Contact: John Abbott
It looks like Liquid Computing will be the latest hardware startup to shut down due to a lack of funding. The former high-performance computing vendor, founded in 2003, had raised $50m of VC funding over three rounds. Its C round of $8.3m closed as recently as last summer, and was intended to fund a shift in emphasis toward ‘unified computing’ and the development work required to eliminate proprietary hardware so that the Ottawa, Canada-based company’s Liquid Elements software would run instead on industry-standard, Intel-based servers.
However, investors ATA Ventures, Axis Capital, the Business Development Bank of Canada, Export Development Canada, Newbury Ventures and VenGrowth, along with private investor (and chairman of the board) Adam Chowaniec, were apparently unwilling to put in a further funding round, despite all the activity around unified computing stirred up by Cisco Systems and Hewlett-Packard. CEO Vikram Desai and the majority of the 50 employees have left the company. Efforts are being made to sell the intellectual property, though it’s not clear who the likely buyers might be. Cisco, Dell, HP, IBM and Oracle/Sun have already set their own technical directions in this area and are unlikely to be interested.

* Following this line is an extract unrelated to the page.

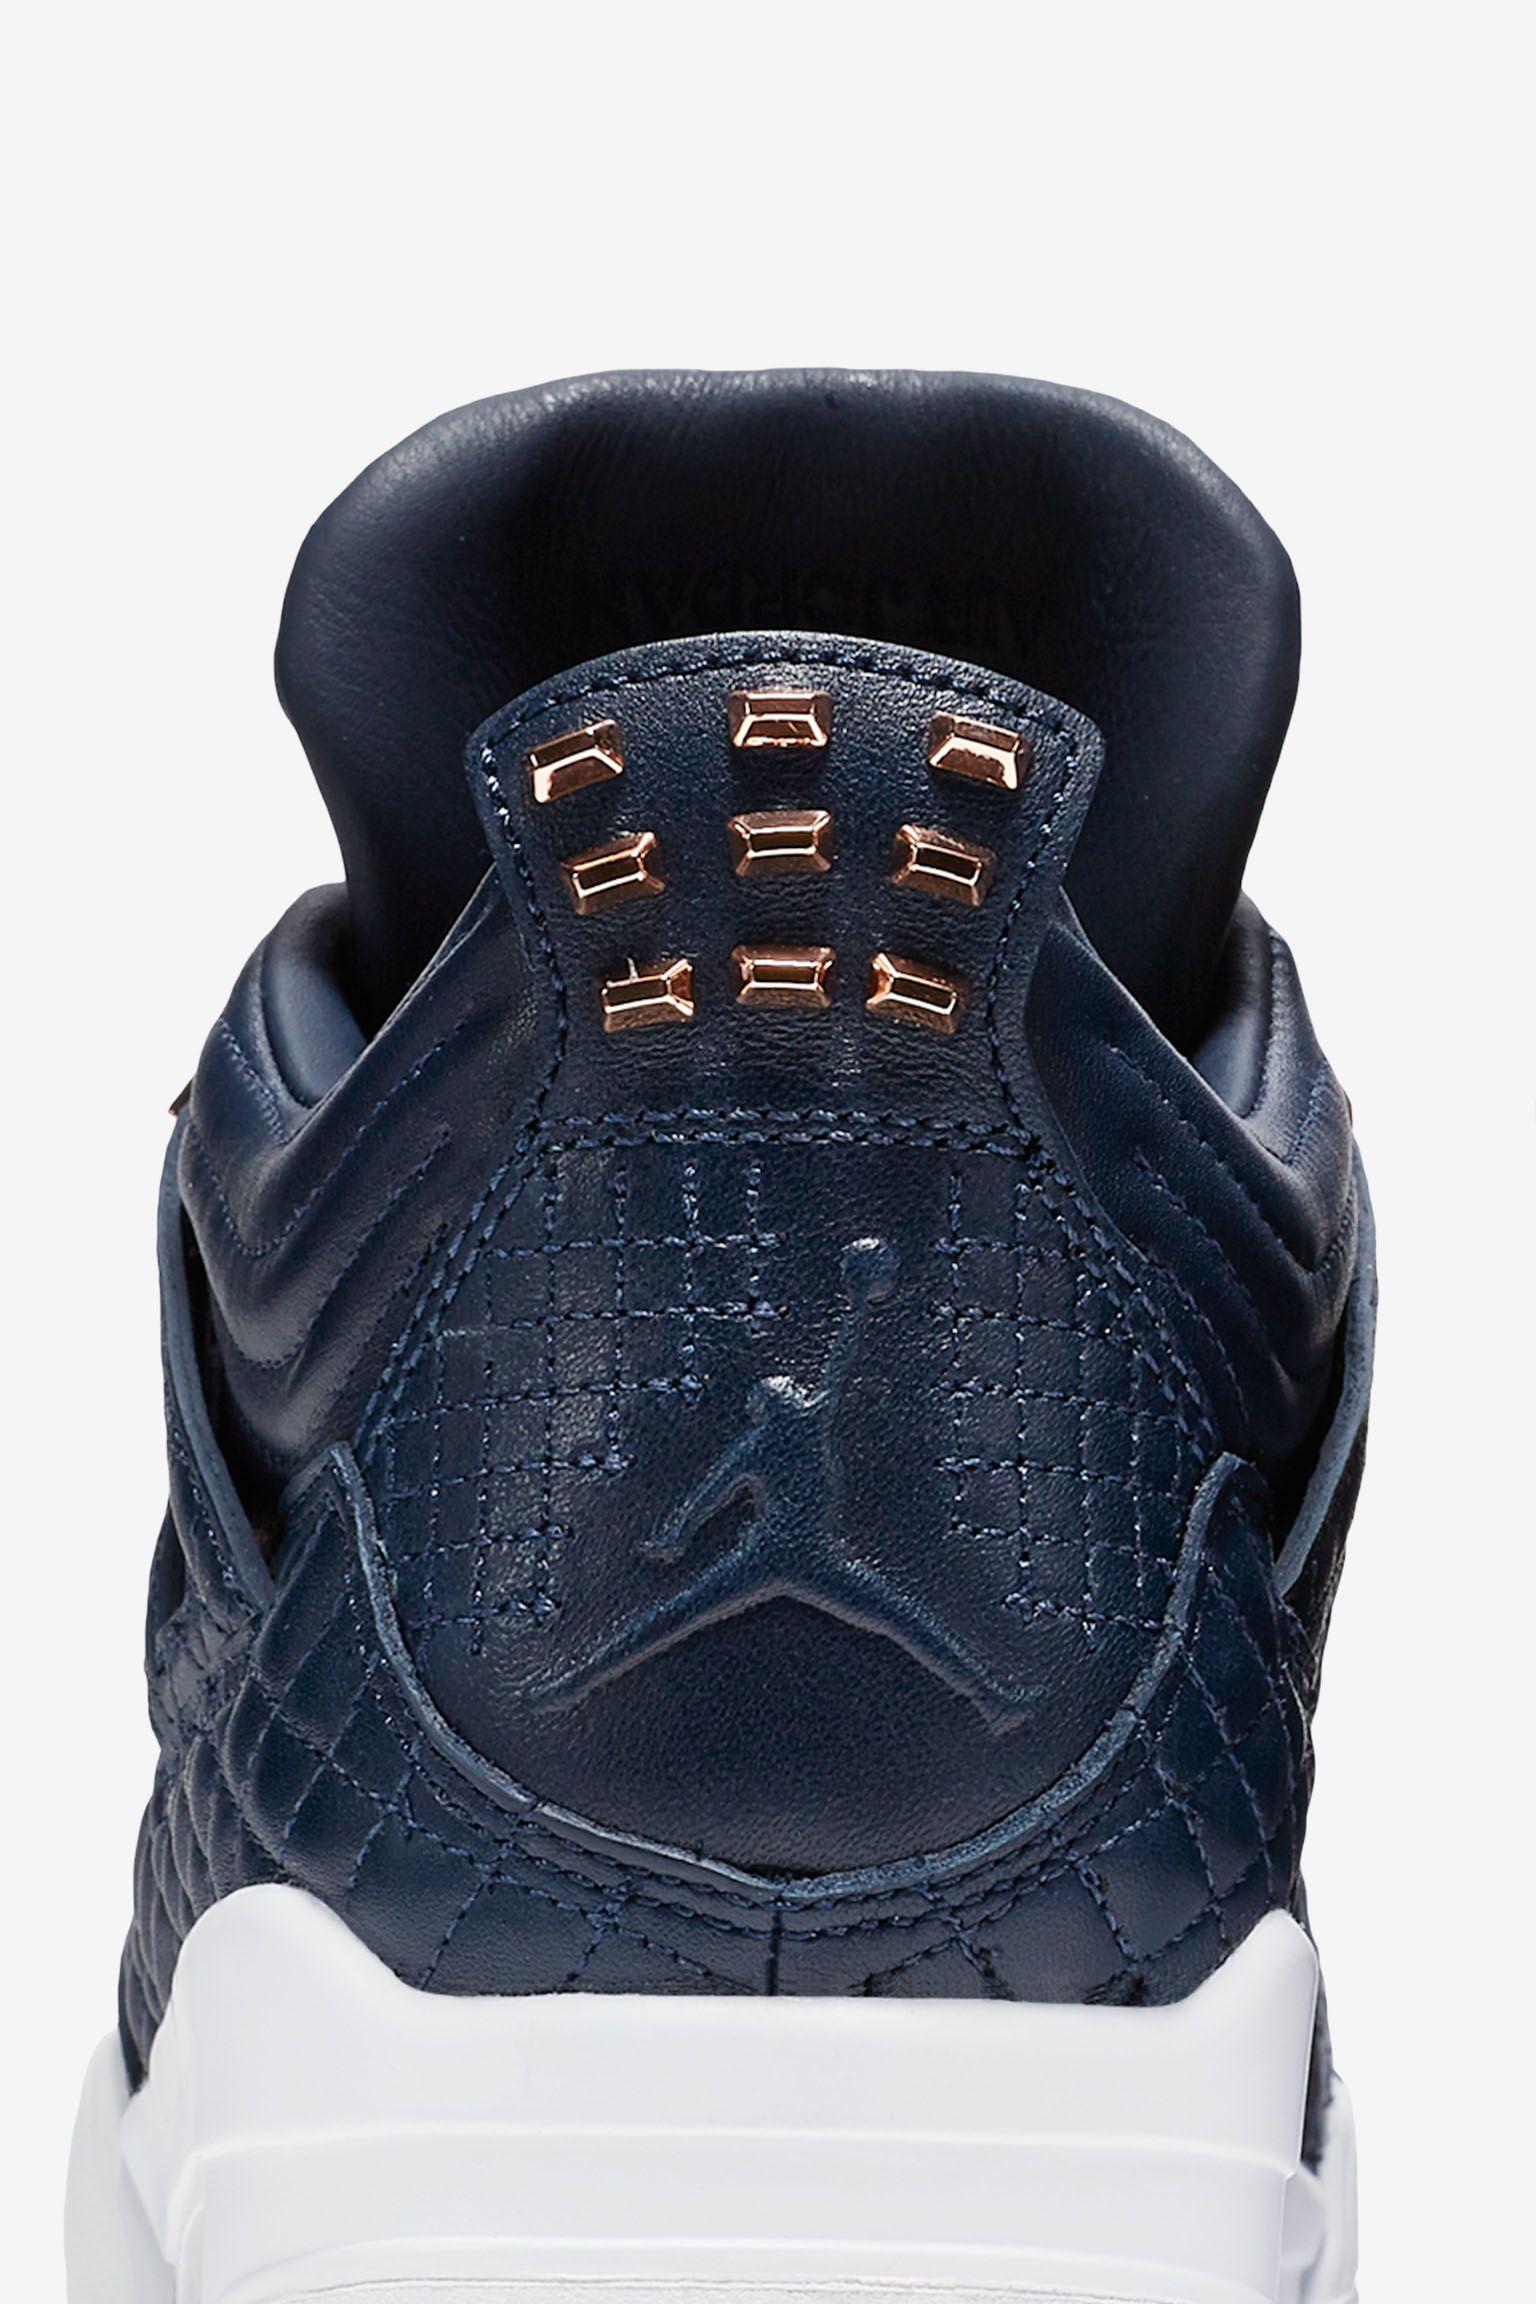 Air Jordan 4 Premium 'Obsidian' Release Date

Previous hardware-oriented startup casualties include Fabric7, Panta Systems and SiCortex – the latter lasted until June 2009 until its VCs similarly lost their nerve. And at the end of last year Verari Systems also ran out of money; its assets were acquired by founder Dave Driggers and the vendor has since reemerged as Verari Technologies. PlateSpin (acquired by Novell in February 2008 for $205m) and RLX Technologies (acquired by HP in October 2005 for an estimated $25m) were both operating in a similar area to Liquid, and all made a similar shift away from their original hardware roots over to software. Egenera and Racemi have also turned themselves into pure software providers and have so far retained their independence.